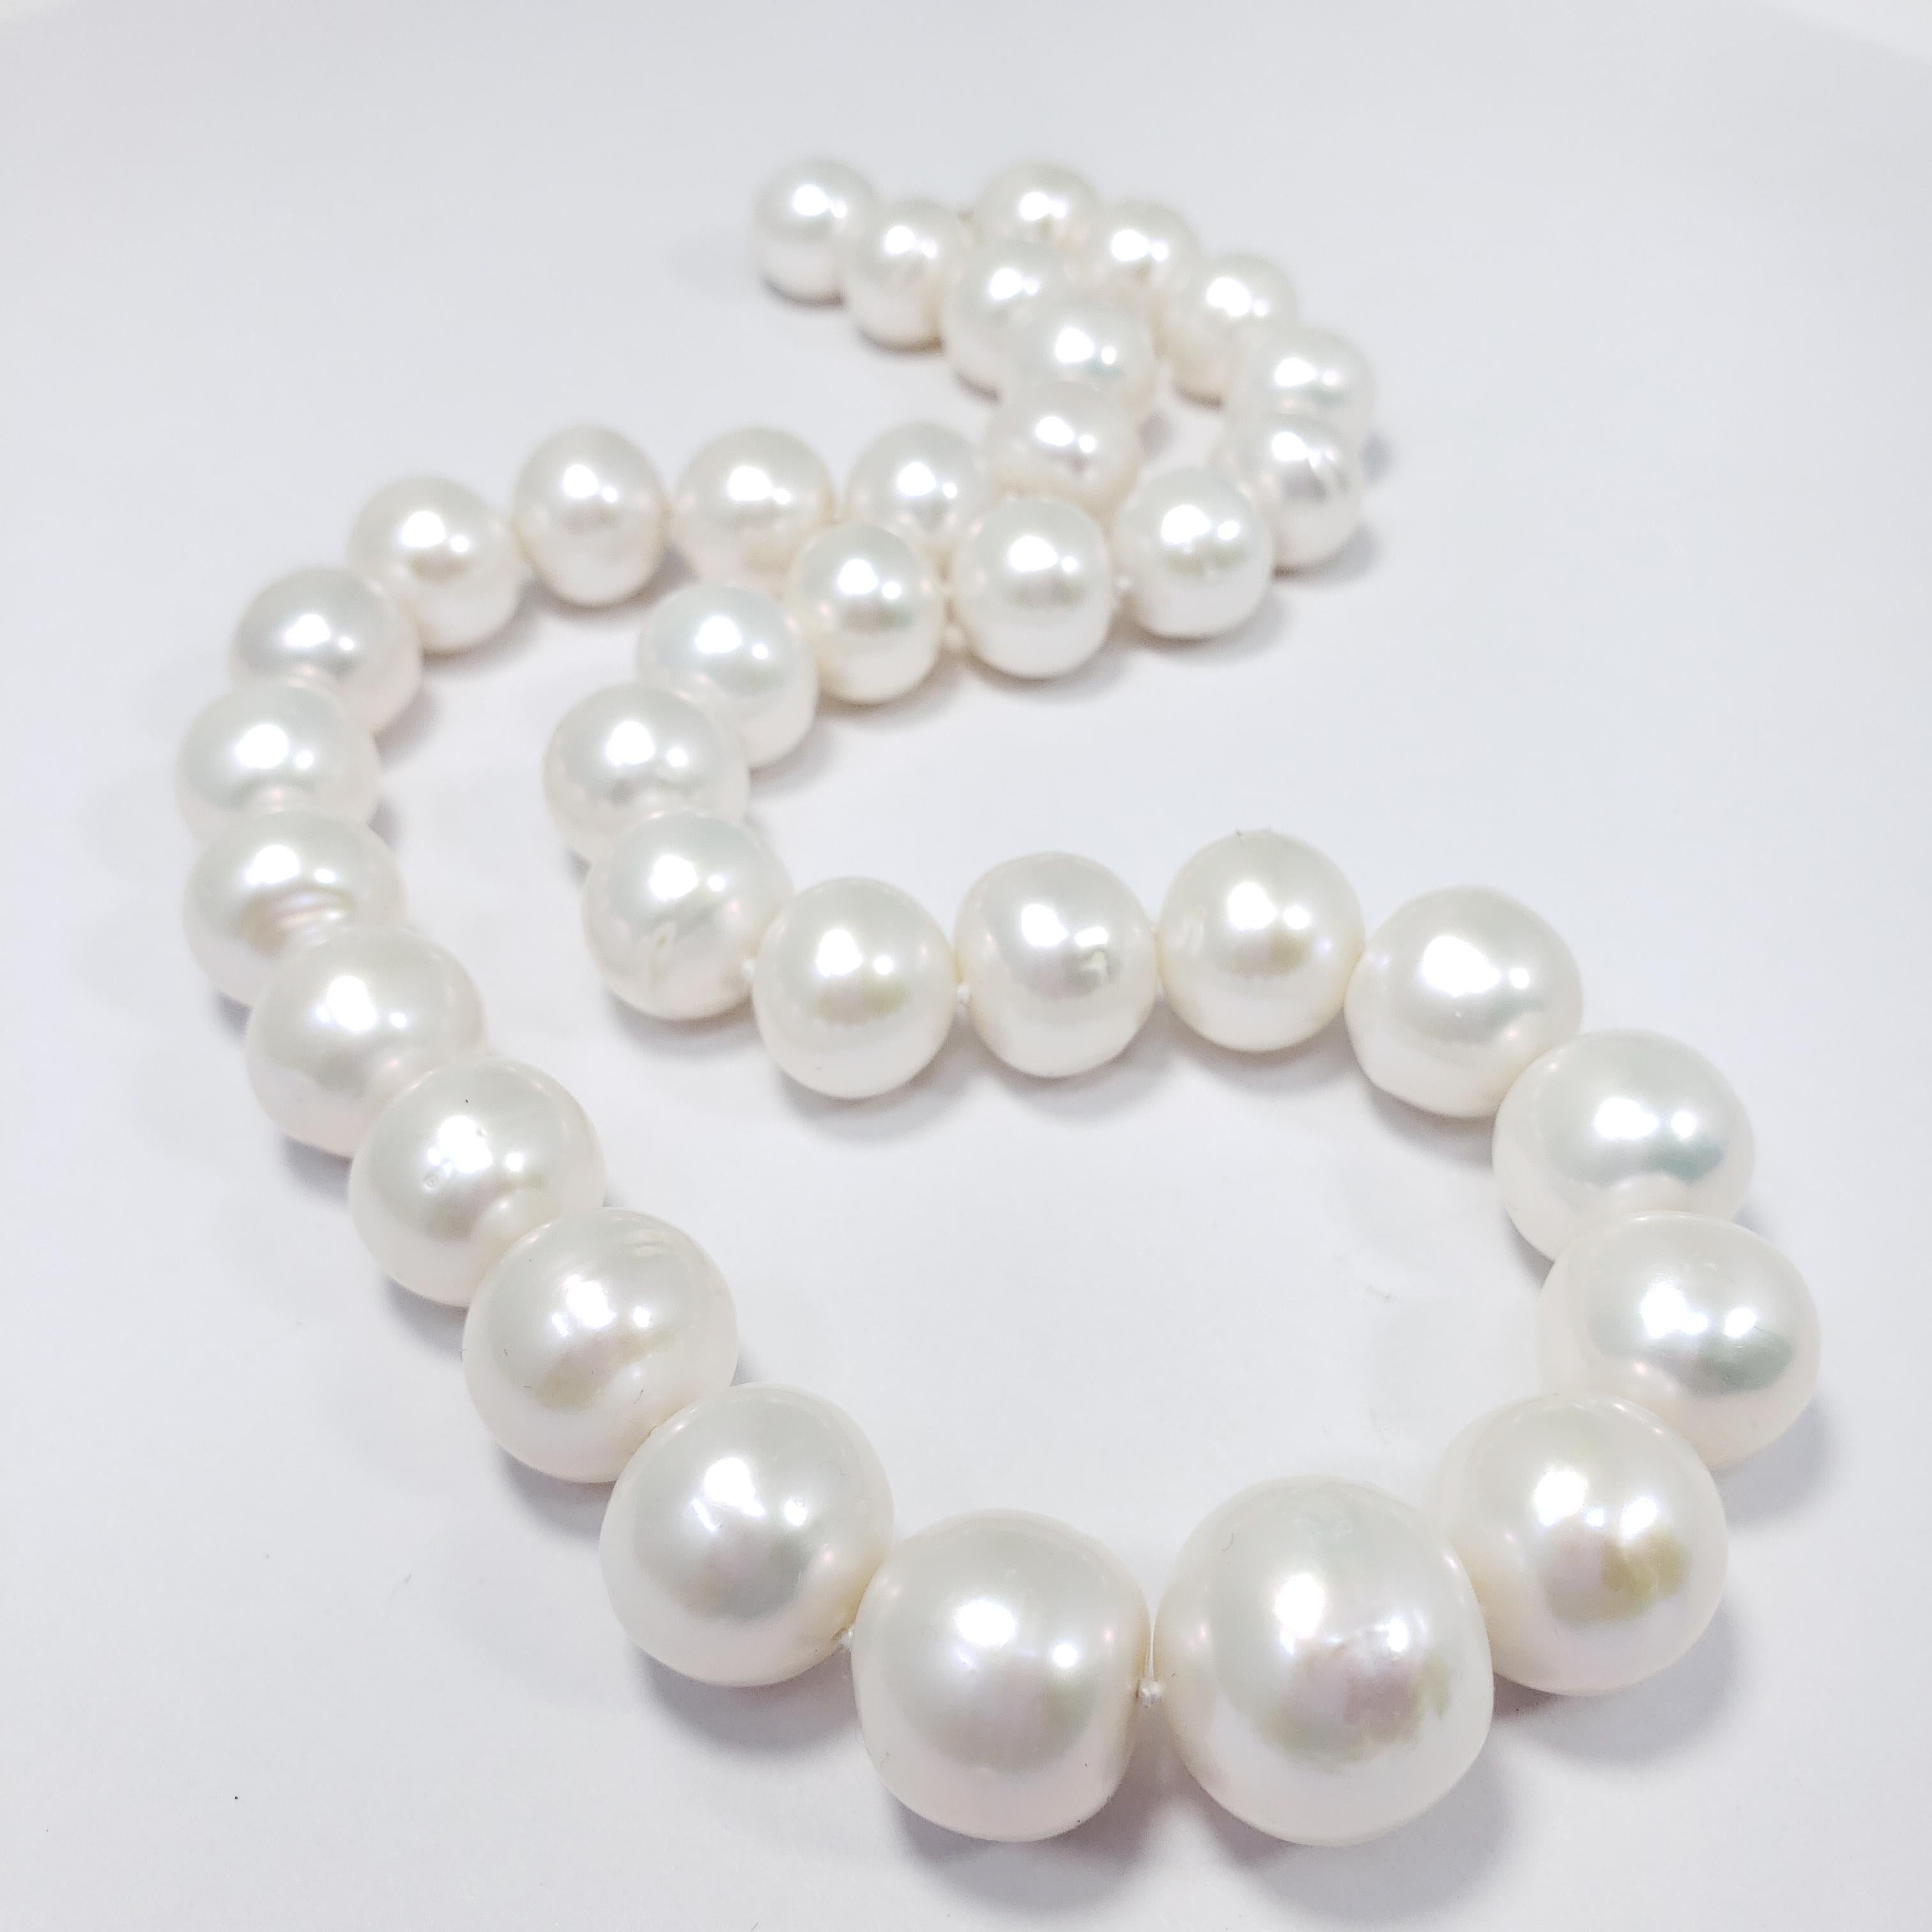 Un exquis collier de perles des mers du Sud ! Whiting présente des perles blanches graduées sur un cordon noué, rehaussé d'un fermoir en forme de crabe en or jaune 14K. Une touche finale parfaite pour tous les styles !

Poinçons : 585
Les perles
..............................
◆ INSTRUCTIONS FOR THE TASK ◆
A verbatim copy of the listing is required, with all pictures left out.

◆ RESULT FOR THIS EXERCISE ◆
 Un exquis collier de perles des mers du Sud ! Whiting présente des perles blanches graduées sur un cordon noué, rehaussé d'un fermoir en forme de crabe en or jaune 14K. Une touche finale parfaite pour tous les styles !

Poinçons : 585
Les perles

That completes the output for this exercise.